Bundi State was an India princely state, located in modern-day Rajasthan. It was ruled by Hada Chauhans.  

It was a princely state in the era of British India. The last ruler of Bundi State signed the accession to join the Indian Union in 1949.

History

Medieval era
Later the region was governed by Rao Deva, who took over Bundi in 1242, renaming the surrounding area as Haravati or Haroti. For the next two centuries, the Hadas of Bundi were the vassals of the Sisodias of Mewar and ruled by the title of Rao until 1569, when Emperor Akbar conferred the title of Rao Raja upon Rao Surjan Singh after the surrender of Ranthambore Fort and his submission. In 1632, Rao Raja Chattar Sal became the ruler, he built the temple of Keshavarao at Keshoraipatan and Chathra Mahal at Bundi. He became king of Bundi after his grandfather Rao Ratan Singh, as his father Gopinath  died while Ratan Singh was still ruling. He saw service with the Mughal forces as head of his Hada Chauhan Rajput troop and was considered an integral part of Mughal army by Shahjahan. Rao Chattar Sal was trusted by Dara Shikoh with governorship of Delhi, a rare privilege for a Hindu. He remained loyal to Shah Jahan and Dara Shikoh during the rebellion of Aurangzeb despite many temptations and even threats from Aurangzeb. Rao Chattar Sal died fighting valiantly as the head of his Hada Rajput troops in the Battle of Samugarh in 1658 along with his youngest son Bharat Singh. Rao Bhao Singh (1658–1678) the eldest son of Chhattar Sal succeeded his father to the throne of Bundi. In 1707, Bahadur Shah I conferred the title of Maharao Raja upon Raja Budh Singh.

British era

In 1804 Rao Raja Bishan Singh (1773–1821) gave valuable assistance to Colonel Monson in his disastrous retreat before Holkar, in revenge for which the Maratha Empire and Pindaris continually ravaged his state and forced the kingdom to pay tribute up to 1817.  Consequently, Bishan Singh made a subsidiary alliance with the British East India Company on 10 February 1818, which brought him under its protection.  was responsible for the creation of the pleasure palace of Sukh Niwas on the outskirts of Bundi.

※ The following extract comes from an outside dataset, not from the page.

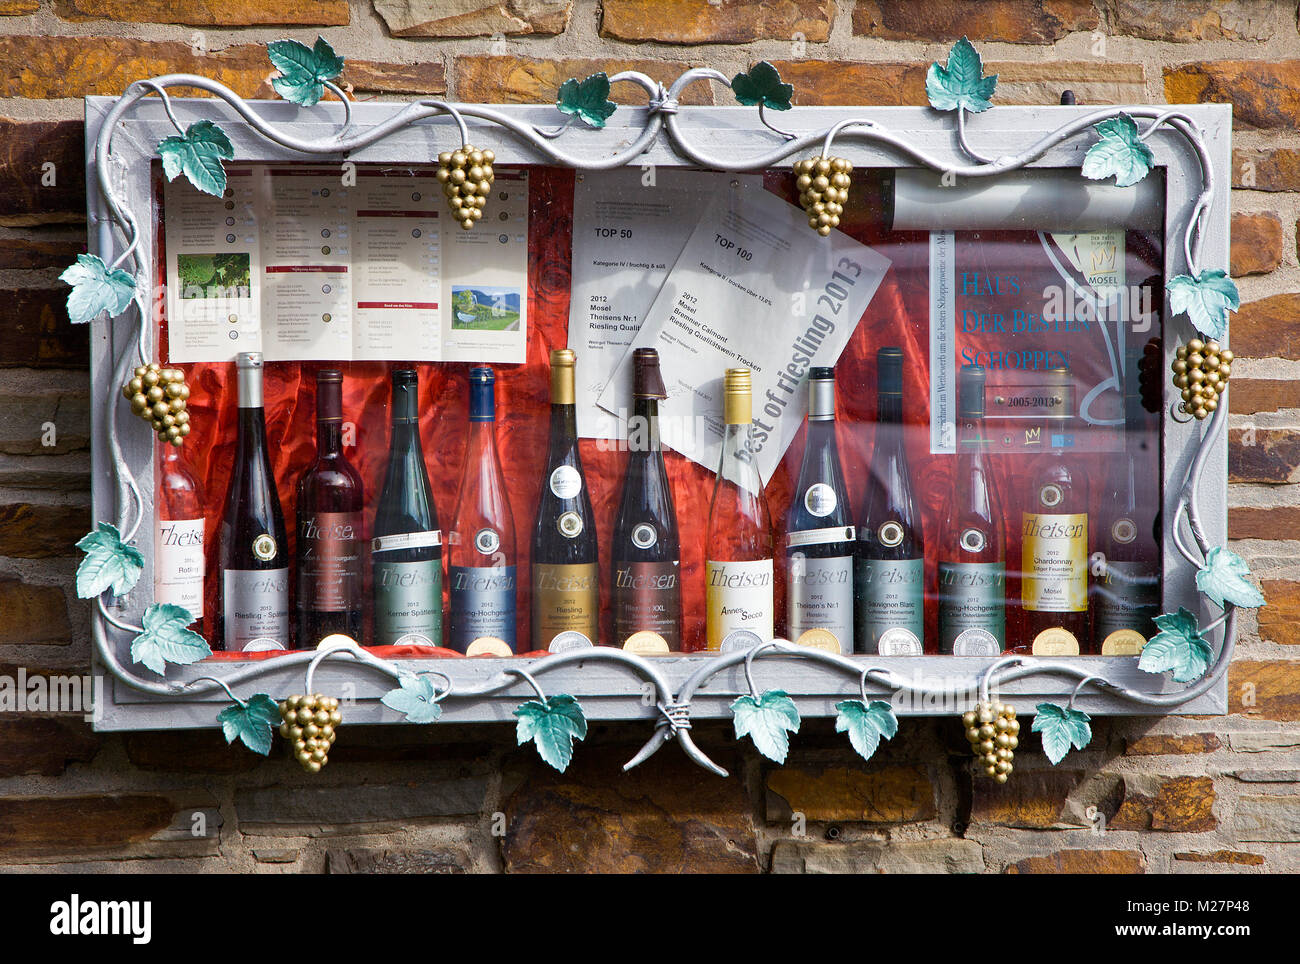 Wine sortiment at a house wall, wine village Ediger-Eller, Moselle river, Rhineland-Palatinate, Germany, Europe Stock Photo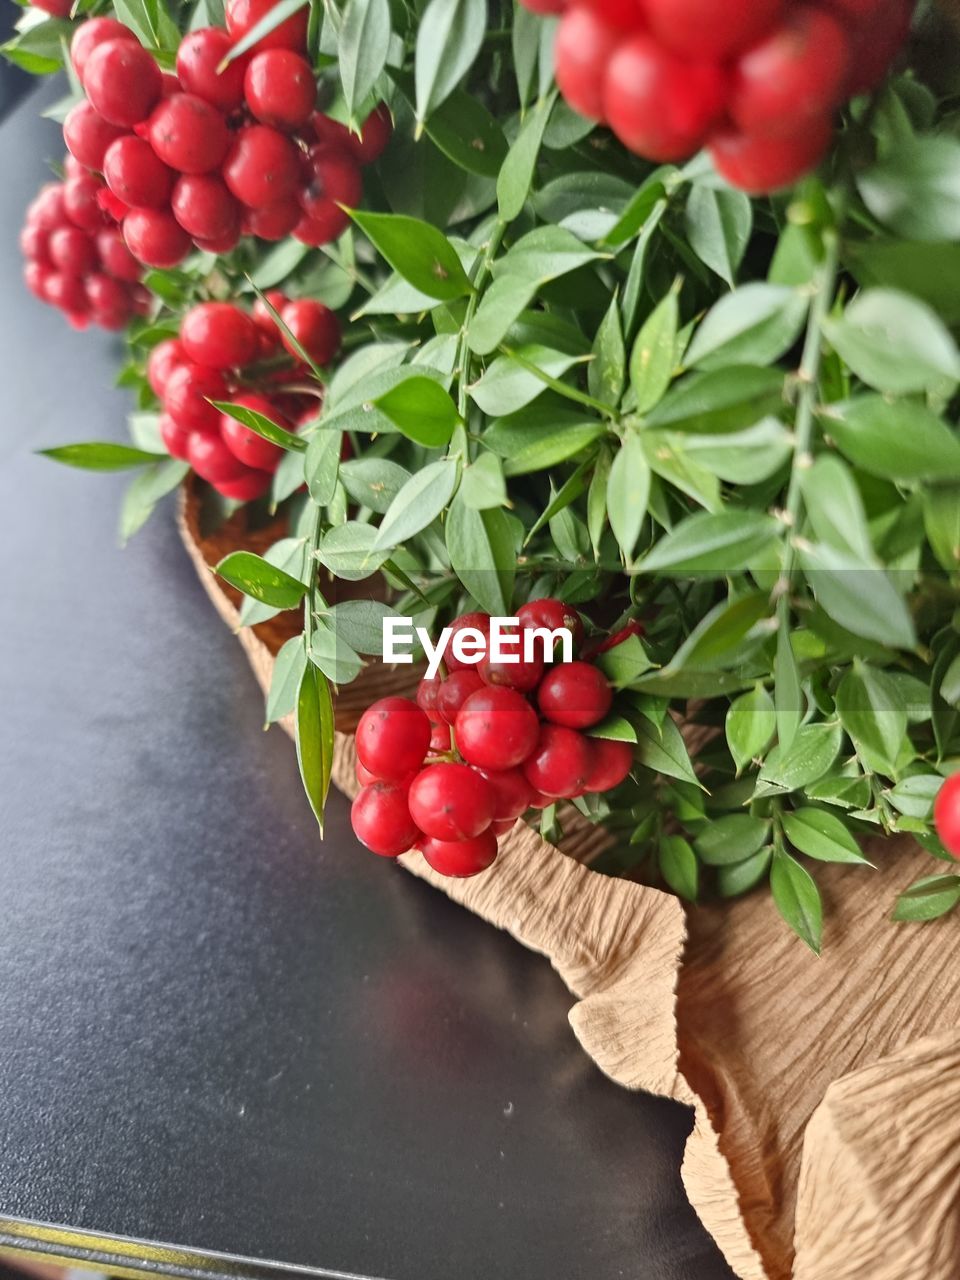 food and drink, food, healthy eating, fruit, plant, freshness, wellbeing, red, produce, leaf, plant part, vegetable, flower, no people, tomato, nature, indoors, green, organic, close-up, berry, juicy, high angle view

Maharao Raja Ram Singh (1821–89) grew up to be a much-respected ruler who initiated economic and administrative reforms and established schools for the teaching of Sanskrit. On the throne for 68 years, he was described as a grand specimen of the Rajput gentleman and "the most conservative prince in conservative Rajputana." His rule was popular and beneficial; and though during the mutiny of 1857 his attitude was equivocal, he continued to enjoy the confidence of the British, being created G.C.S.I. and a counselor of the empire in 1877 and C.I.E. in 1878. He was succeeded by his adopted son Raghubir Singh (1889–1927), who was made a K.C.S.I. in 1897 and a G.C.I.E. in 1901. His reign was blighted by two disastrous famines.  Despite his best efforts at alleviation, the population of his kingdom was reduced from some 258,000 to 171,000 by 1901 due to death and emigration.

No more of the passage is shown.